BioCryst Pharmaceuticals has become the first company in the US with approval to sell an intravenous neuraminidase inhibitor as an influenza treatment.
The FDA gave the go-ahead yesterday for Rapivab (peramivir) to treat flu in adults who have been symptomatic for no more than two days, suggesting that regulatory compliance issues at the contract manufacturer for the drug – which resulted in an FDA warning letter – have been resolved.
BioCryst said it expects to be able to launch the drug in time for this year’s flu season, and is also carrying out studies aimed at extending its use to include paediatric influenza patients.
Edward Cox, director of the Office of Antimicrobial Products at the FDA, said: “Rapivab is the third neuraminidase inhibitor approved by the FDA to treat flu infection, but the first approved as an intravenous formulation.

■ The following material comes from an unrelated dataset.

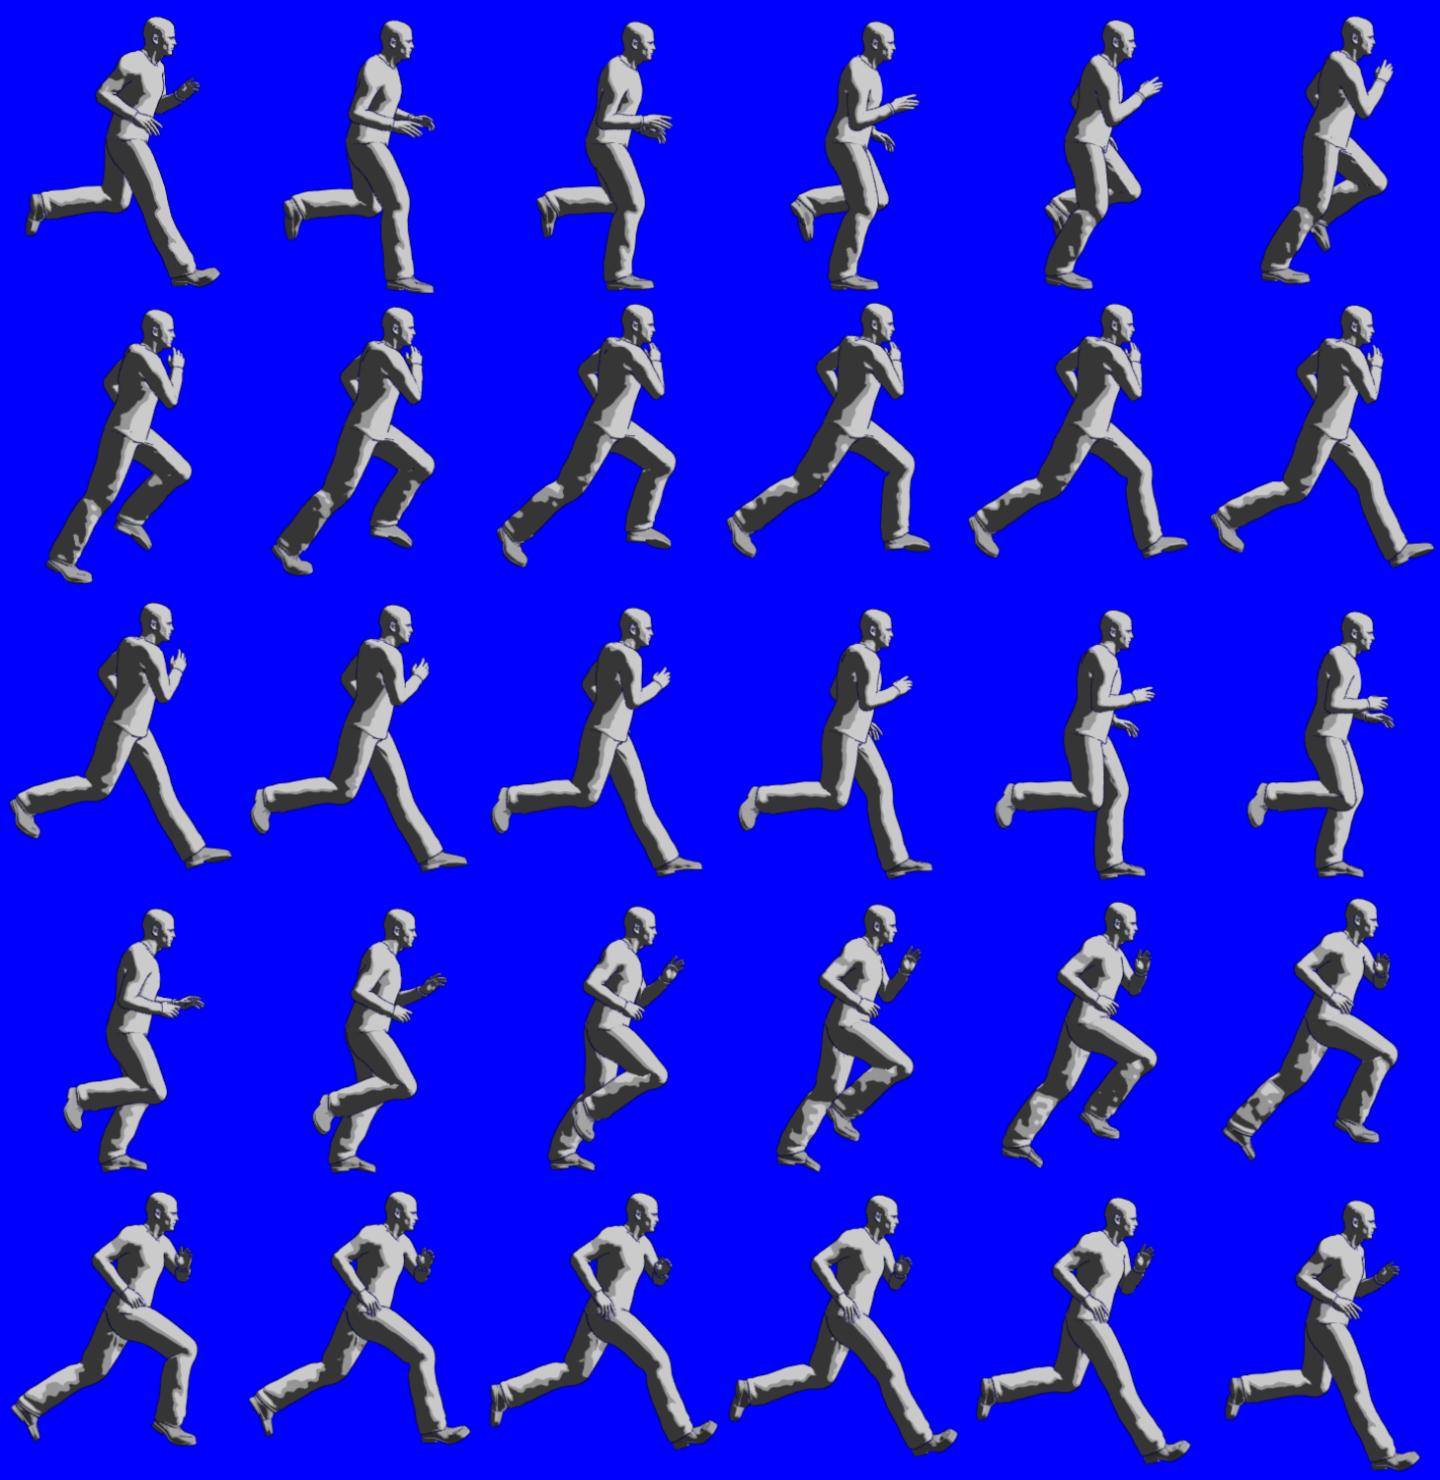 две картинки для создания анимации поверхности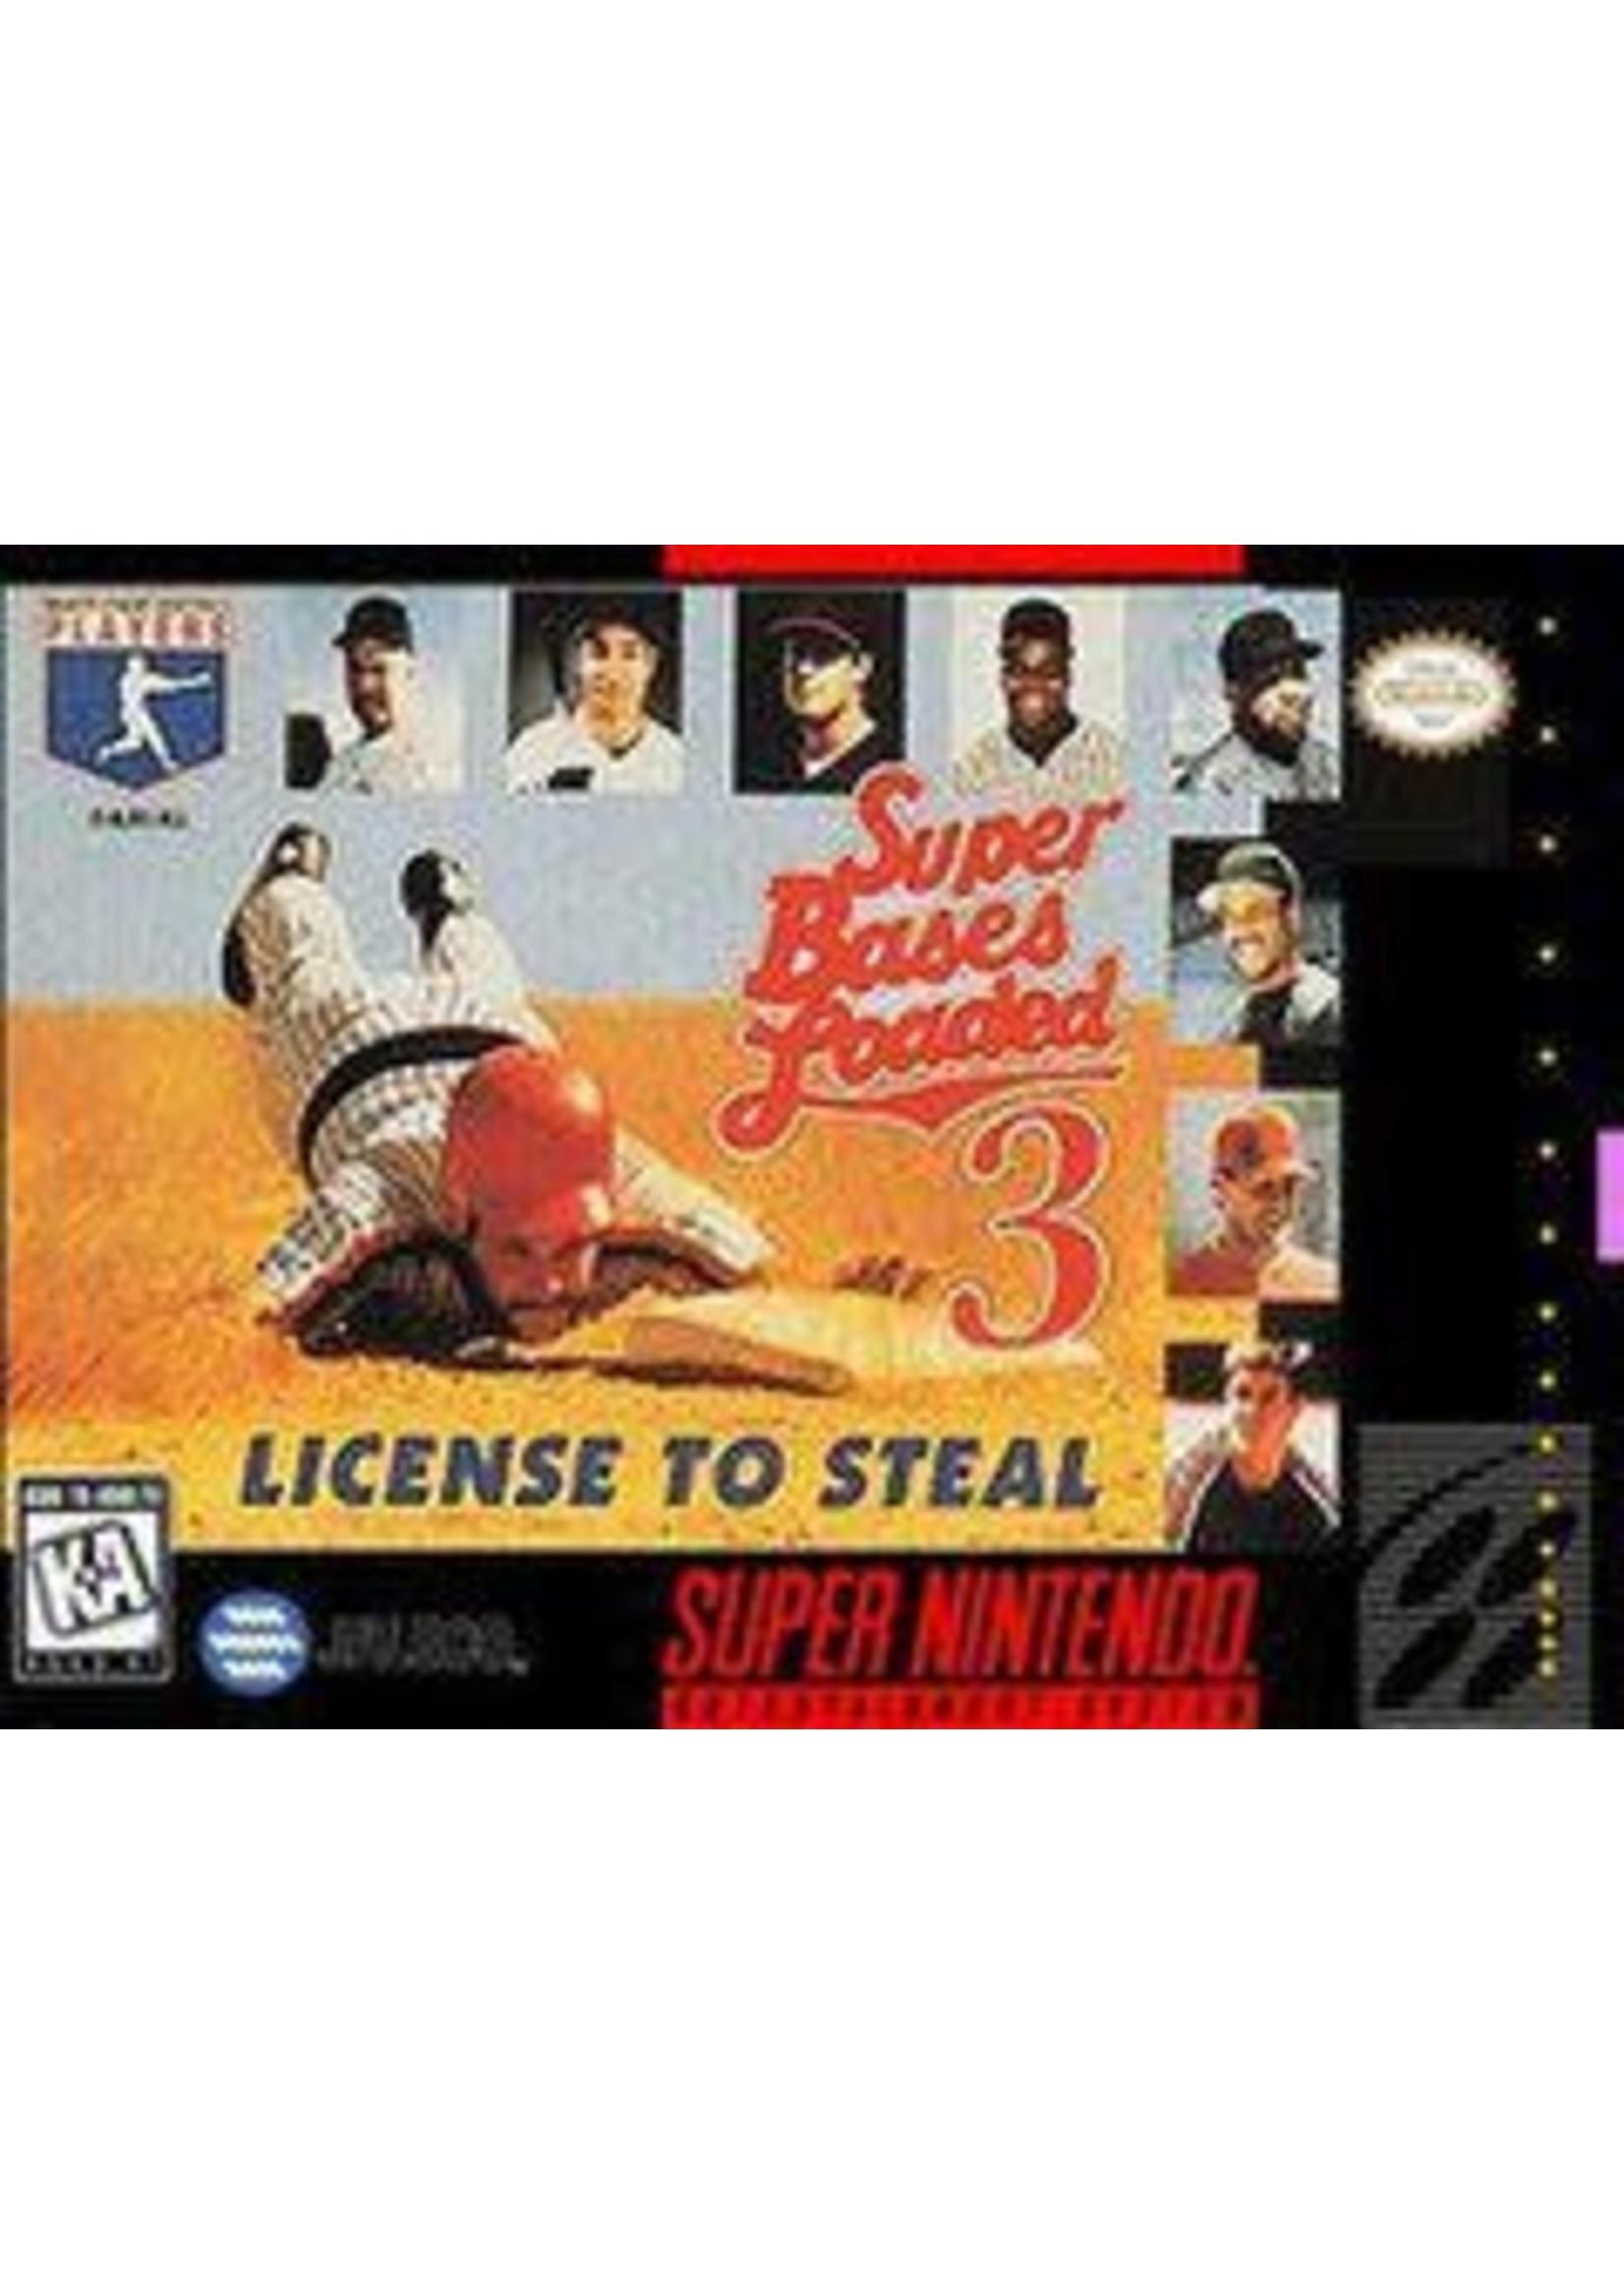 Super Bases Loaded 3: License To Steal Super Nintendo

“The availability of a single-dose, intravenous option for the treatment of acute uncomplicated flu allows health care professionals and patients to have a choice based on an individual patient’s needs,” he added.
Rapivab is the third neuraminidase inhibitor to reach the market in the US after Roche’s orally-active Tamiflu (oseltamivir) and GlaxoSmithKline‘s Relenza (zanamivir), which had sales of 452m Swiss francs ($460m) and £41m ($64m) respectively in the first nine months of the year.
As the first intravenous formulation, Rapivab is expected to have an important role to play in treating the 200,000 people who are hospitalised for seasonal flu-related complications each year.
The advantage of the injectable version is that it can be delivered in a single dose – even to a patient who is incapacitated – and doctors can be sure the patient is getting the correct dose of the neuraminidase inhibitor.
Rapivab has been on the market since 2010 in Japan and South Korea – where it is sold as Rapiacta by licensee Shionogi – but it will be BioCryst’s first commercialised product.
Analysts have suggested that sales of the drug will not be enormous but that BioCryst should get a near-term boost as the drug is stockpiled by the US health authorities.
The company’s lead pipeline drug – BCX-4161 for the orphan disease hereditary angioedema (HAE) – is due to start the first of two pivotal trials shortly and is expected to be a much larger product with analysts projecting sales of $500m to $1bn a year.